# Chief Complaint - Does anyone know



## soprano (Jul 25, 2012)

Does anyone know if the CC can be documented by ancillary staff or does it need to be documented by the physician? If so, where can I find this in writing to show my physician? I can't find this in the 95 or 97 DGs.


----------



## rthames052006 (Jul 25, 2012)

soprano said:


> Does anyone know if the CC can be documented by ancillary staff or does it need to be documented by the physician? If so, where can I find this in writing to show my physician? I can't find this in the 95 or 97 DGs.



I was just viewing the 95 DG's and here is what it does say-

"DG: The ROS and/or PFSH may be recorded by ancillary staff or on a form completed by the patient.
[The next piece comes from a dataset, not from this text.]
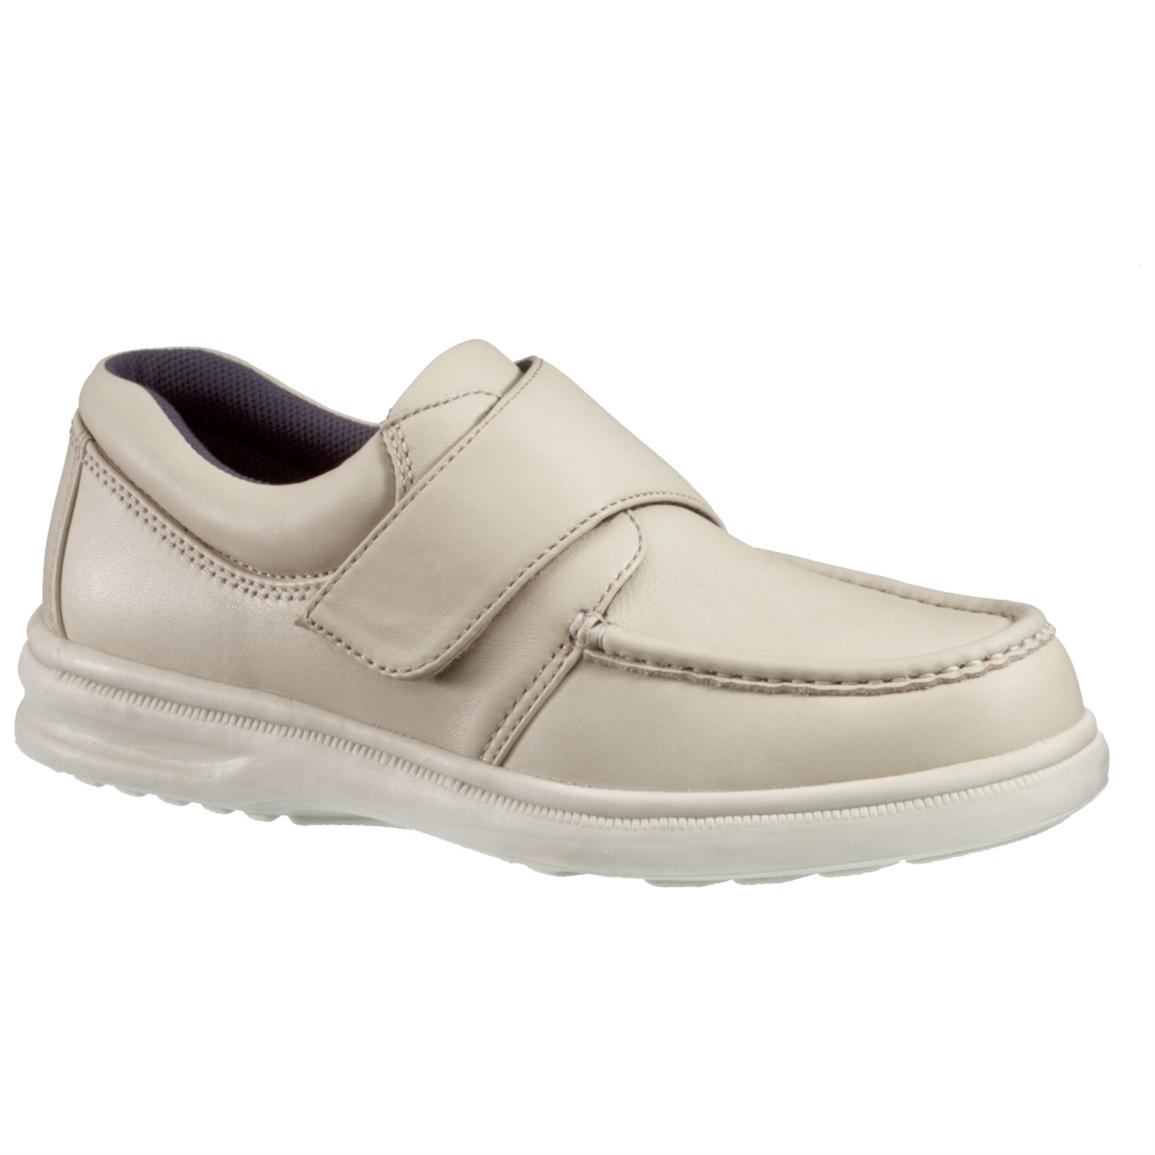 Men's Hush PuppiesÂ® Gil Shoes - 153129, Casual Shoes at Sportsman's ...

To document that the physician reviewed the information, there must be a notation supplementing or confirming the information recorded by others"


That is the only thing I was able to find when I just skimmed it!


----------



## soprano (Jul 25, 2012)

I saw that too but I am specifically looking for something regarding the CC. One of my NPs argued with me that a CC is not required for an E/M LOS. I want to show her somehwere it says that a valid CC is required for every LOS and who can document the CC.


----------



## rthames052006 (Jul 26, 2012)

soprano said:


> I saw that too but I am specifically looking for something regarding the CC. One of my NPs argued with me that a CC is not required for an E/M LOS. I want to show her somehwere it says that a valid CC is required for every LOS and who can document the CC.
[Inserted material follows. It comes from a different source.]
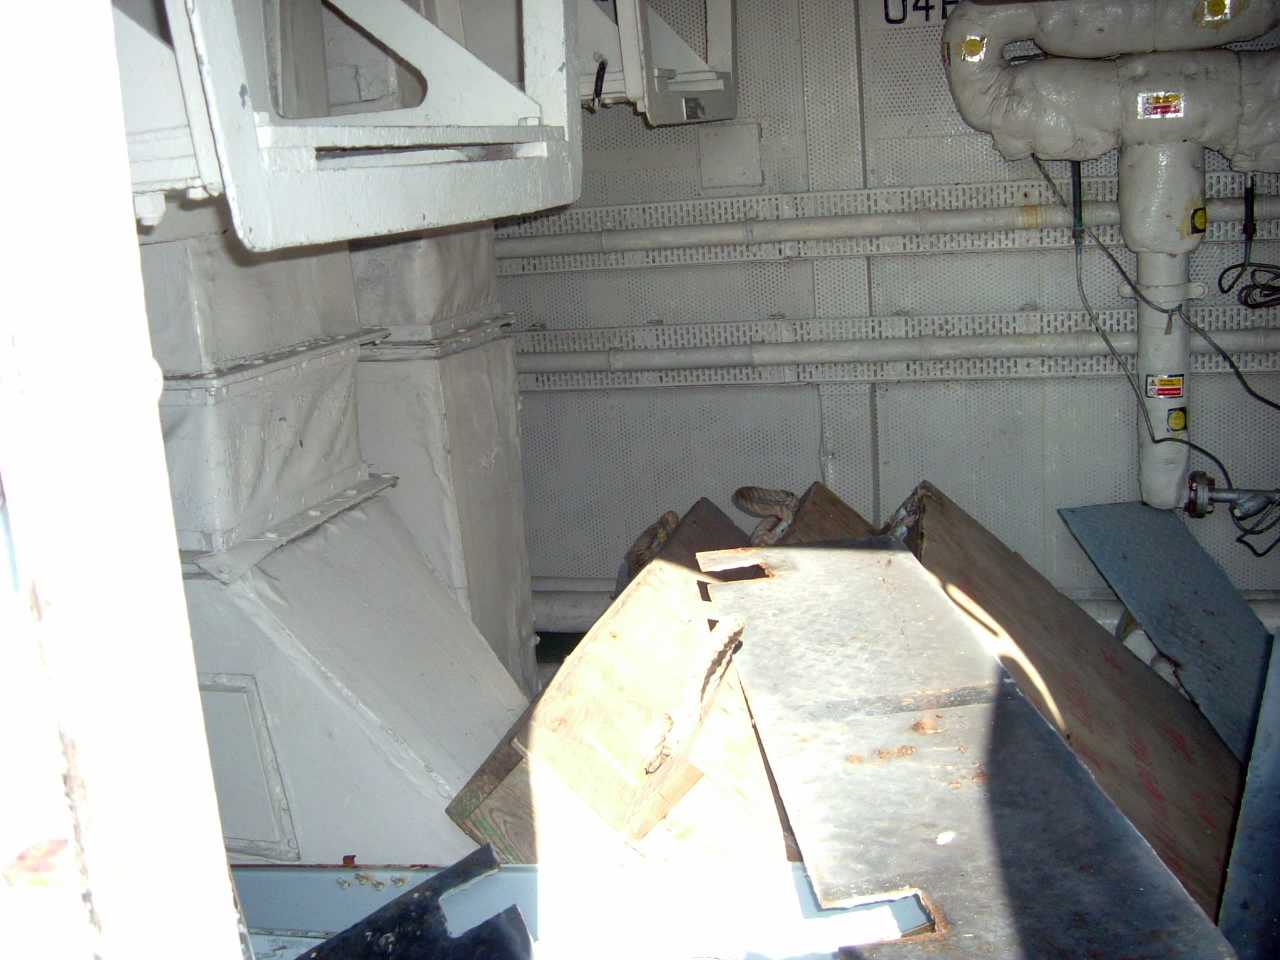 The HMS Intrepid Locker where Neil Rested between Attacks

You may want to default to contacting your carriers to see what they say because I highly doubt you'll find anything that states who can document the cc, but what I take from what I saw that they are telling you what items can be documented by ancillary staff, since the cc is not listed I'd say only the provider can.

Regarding the cc the guidelines do state that it can be documentated separately or it can be included in HPI.


----------



## Lassal423 (Jul 26, 2012)

Along these same lines, what do you do when there is NO CC or HPI documented?  Is that visit invalid?  
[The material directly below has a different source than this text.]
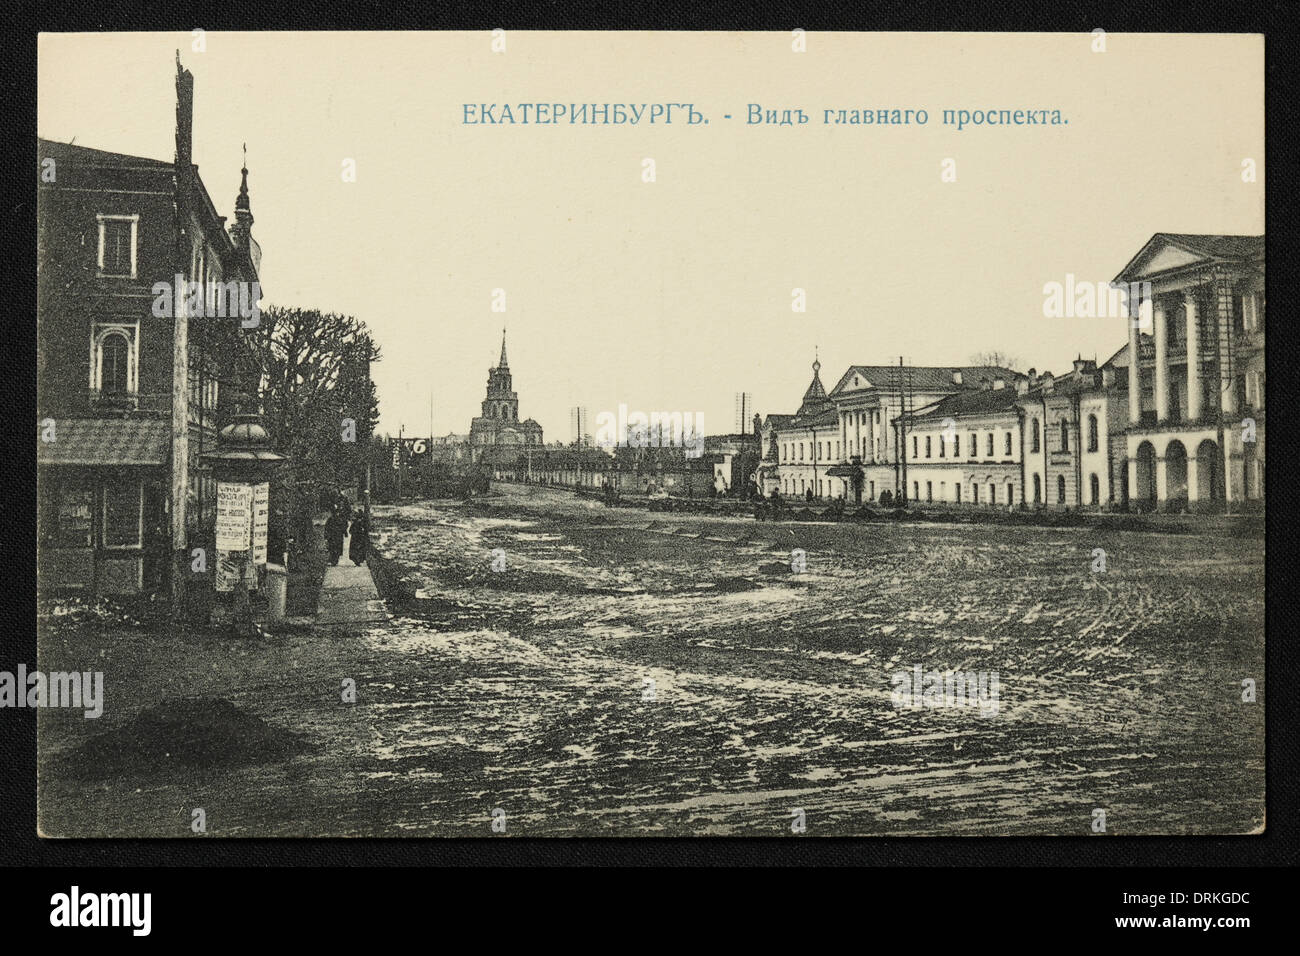 Saint Catherine's Cathedral in the Main Avenue in Yekaterinburg, Russian Empire. Black and white vintage photograph by Russian photographer Nikolai Vvedensky dated from the beginning of the 20th century issued in the Russian vintage postcard published by M.S. Semkov, Yekaterinburg. Text in Russian: Yekaterinburg. View of Glavny Prospekt Avenue (Main Avenue). St Catherine's Cathedral is seen in the background. The cathedral was destroyed by the Bolsheviks in the 1930s. Courtesy of the Azoor Postcard Collection. Stock Photo

I know the guidelines state there must be a CC, but if one is not documented, will the visit be valid?

Lora


----------



## LLovett (Jul 26, 2012)

*CC is always required for E/M*

http://www.wpsmedicare.com/part_b/resources/provider_types/evalmngmnt.shtml

This link is to WPS Medicare E/M page. They have a lot of good info. As far as who can document it may depend on the carrier. WPS says anyone can but the provider must support it with their documentation. Other carriers may not accept this.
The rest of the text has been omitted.